Graffiti (...) begleiten Revolutionen, sorgen für den Austausch von Gedanken. Graffiti bringen Ideen auf die Straße.

Matthieu Tercieux Graffiti-Künstler und Programmierer

Bürgerrechtler begleiten erstmals Gäste

In diesem Jahr begleiten Bürgerrechtlerinnen und Bürgerrechtler und aus der Zeit der Friedlichen Revolution die Gäste während des Lichtfestes. So auch die Stadträtin der Grünen in Leipzig, Annette Körner, die im Herbst 89 zusammen mit anderen die Grüne Partei aufgebaut hatte. Körner engagierte sich seit 1982 gegen Aufrüstung in verschiedenen Friedensgruppen wie "Frieden konkret".

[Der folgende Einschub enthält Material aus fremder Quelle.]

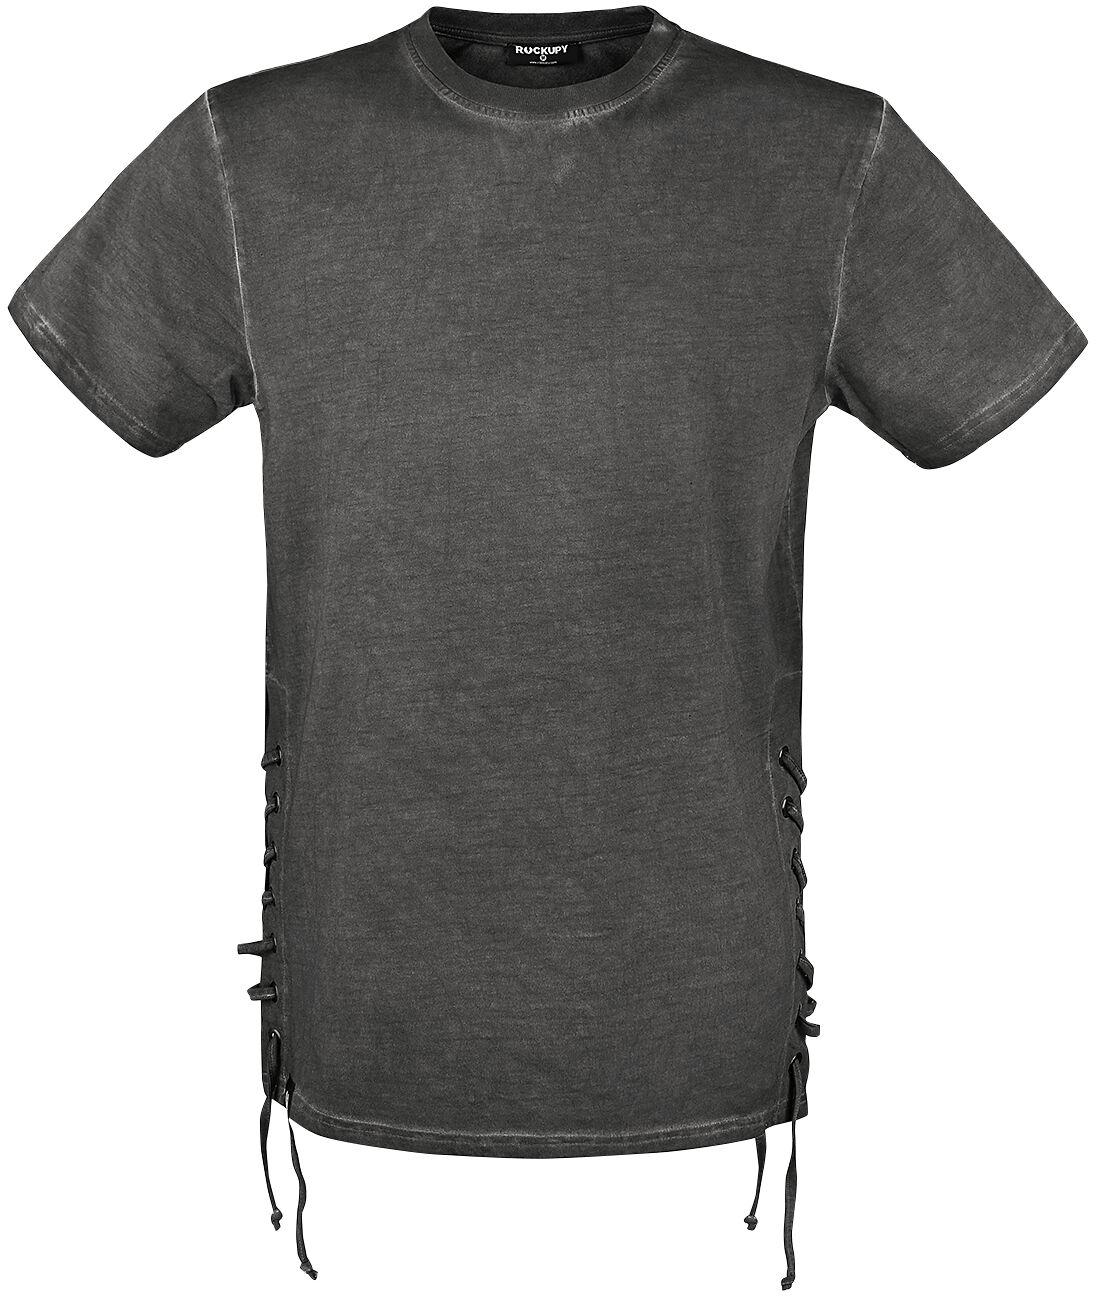 Marki - Koszulki - T-Shirt Rockupy Side Laced Oil Washed T-Shirt T-Shirt ciemnoszary (Anthracite) - 353764
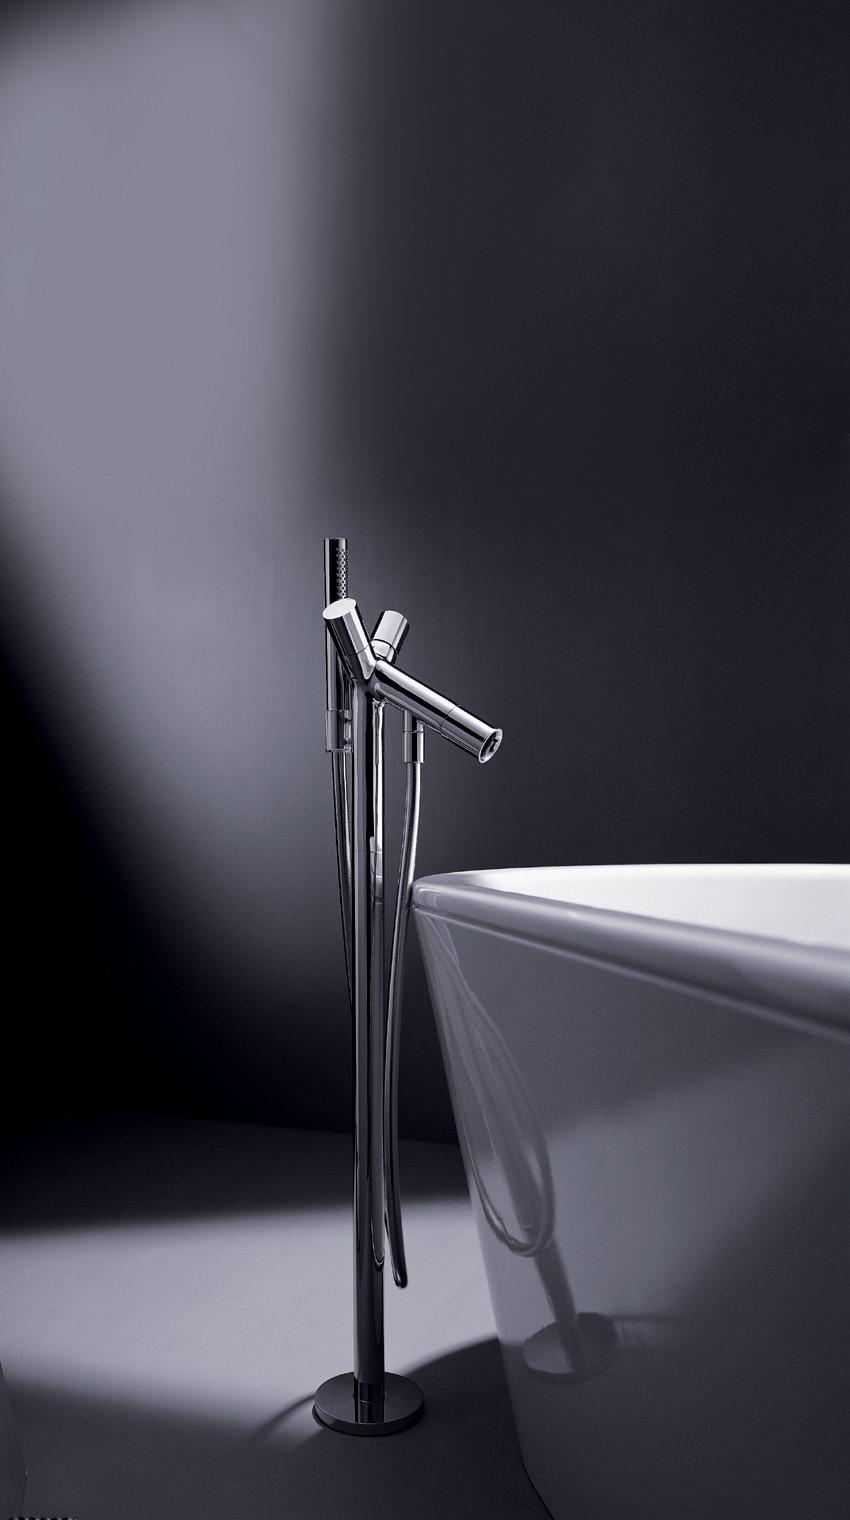 Bath4All - Hansgrohe 10458821 Brushed Nickel Axor Starck Tub Filler ...

Als junge Mutter war der Herbst 1989 eine spannendem, aber auch ungewisse Zeit. Gerade der 9. Oktober. Körner, damals 26 Jahre alt, machte sich große Sorgen um ihren Mann, der auf der Montagsdemonstration war. Sie musste auf ihr kleines Baby und ein weiteres Kind zu Hause aufpassen. Bereitschaftstruppen und Ärzte waren an diesem Tag in hoher Alarmbereitschaft, erinnert sich Körner: "Wir hatten große Angst, dass es da knallt." Ihr Mann gab zum Glück Entwarnung: Die Polizei hatte nicht eingegriffen und es blieb friedlich.

Wir hatten große Angst, dass es da knallt.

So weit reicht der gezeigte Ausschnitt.